8. MORALE DE L’HISTOIRE. Personne n’est là pour ternir la réputation de qui que ce soit, ni vous, ni moi, ni tous ces Libanaises et Libanais qui ont liké, commenté et partagé mon dernier statut. Nous sommes tous réunis pour dénoncer ce manque de civisme grave et cette violation ignoble d’une base de la vie en communauté de la part de certains compatriotes libanais : on paie ce que l’on consomme et on ne vit pas aux crochets de l’Etat, surtout quand on a les moyens financiers, encore moins si l’on a des responsabilités publiques ou on a l’intention d’en avoir à l’avenir. S’il y a une catégorie de Libanais qui ne sont vraiment pas dans le besoin c’est bel et bien les politiciens, et spécialement les députés et les ministres, surpayés pour ce qu’ils font, pas besoin d’en faire un dessin ou une dissertation sur le sujet. Il est particulièrement infâme et révoltant pour les honnêtes citoyens libanais, que des représentants du peuple et de l’Etat libanais se foutent d’une manière aussi flagrante de l’intérêt général et se croient intouchables et au-dessus des lois. Etant donné qu’il s’agit de personnalités politiques, de l’aveu même d’EDL, dont certains ont eu dans le passé ou ont actuellement des responsabilités publiques, il est parfaitement légitime de mettre les citoyens et les contribuables libanais au courant de l’identité de ces politiciens fautifs. 
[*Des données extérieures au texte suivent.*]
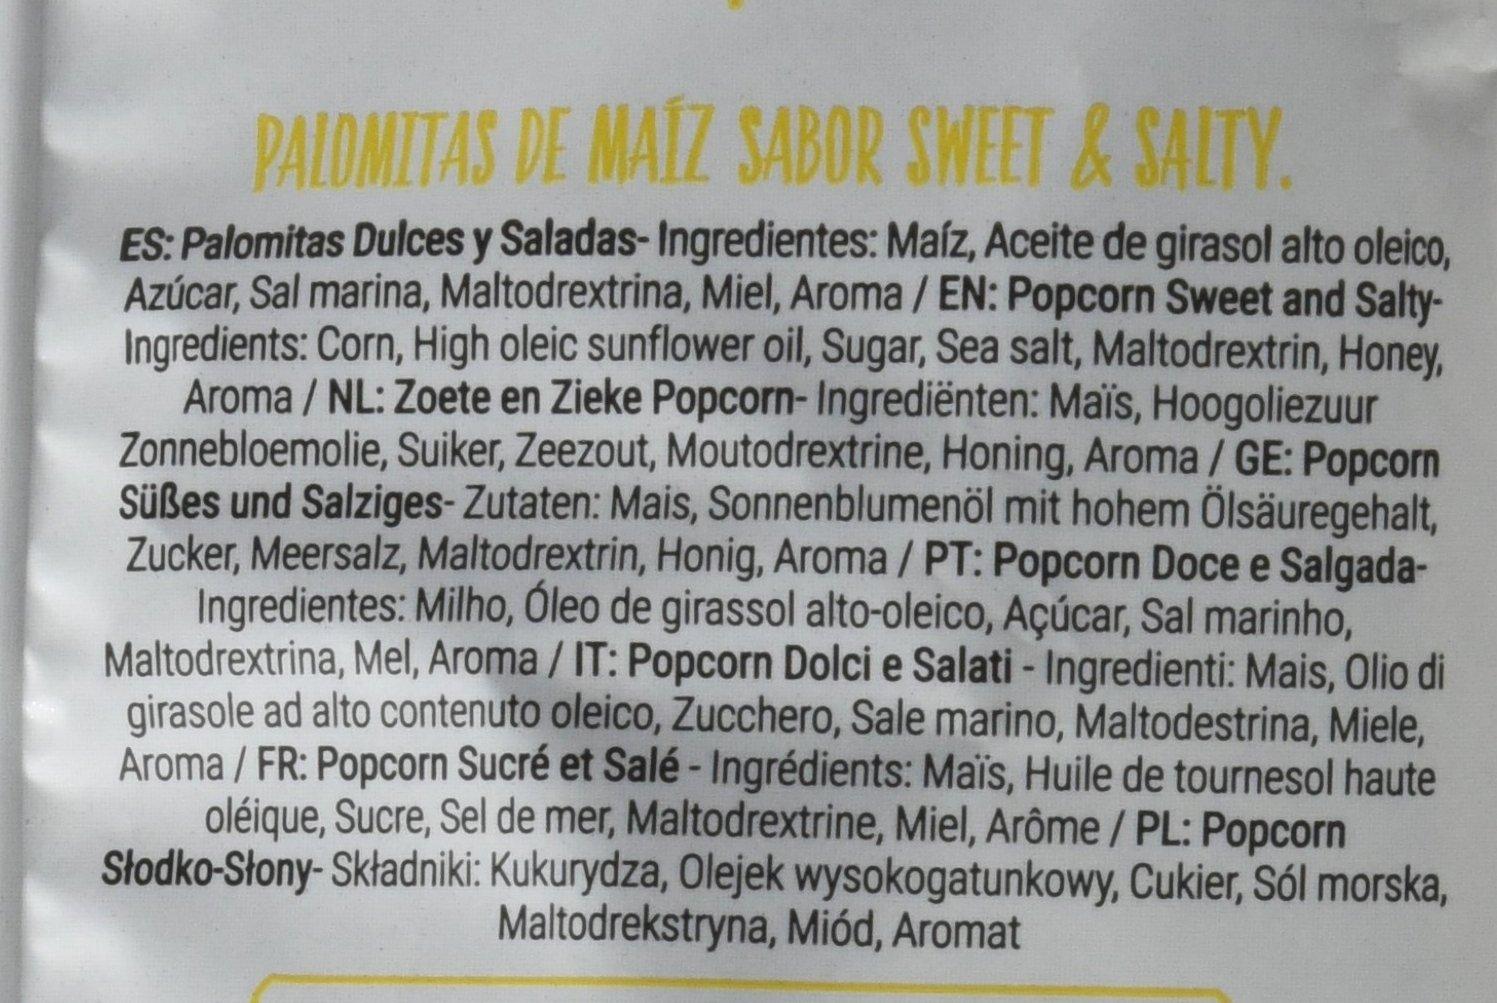 Anaconda Palomitas de Maíz Explotadas con Aire Caliente- Paquete de 6 x 30 gr - Total: 180 gr, sabor Sweet y Salty: Amazon.es: Alimentación y bebidas

Ainsi, par souci de transparence, EDL doit de sa propre initiative ou y être obligée par la loi, voire par la justice libanaise, RENDRE PUBLIC les noms des « politiciens libanais mauvais payeurs », tous sans exception, ceux du Hezbollah s'ils y figurent, car on ne peut pas confier la gestion des affaires publiques et de l’argent public au Liban à des personnes qui ne sont pas capables de payer leurs factures comme tous les bons citoyens de ce pays. Une telle démarche permettra à la fois d’assainir la vie publique au pays du Cèdre et d’éviter le marché des salades et des prétextes bidon. C’est dans l’intérêt de tous : d'EDL et des « citoyens libanais bons payeurs » bien évidemment, mais aussi de Mohamamd Kabbani et de Farès Souaid, pour ne citer qu'eux. Le secret d’EDL dans ce scandale est injustifié et source de rumeurs !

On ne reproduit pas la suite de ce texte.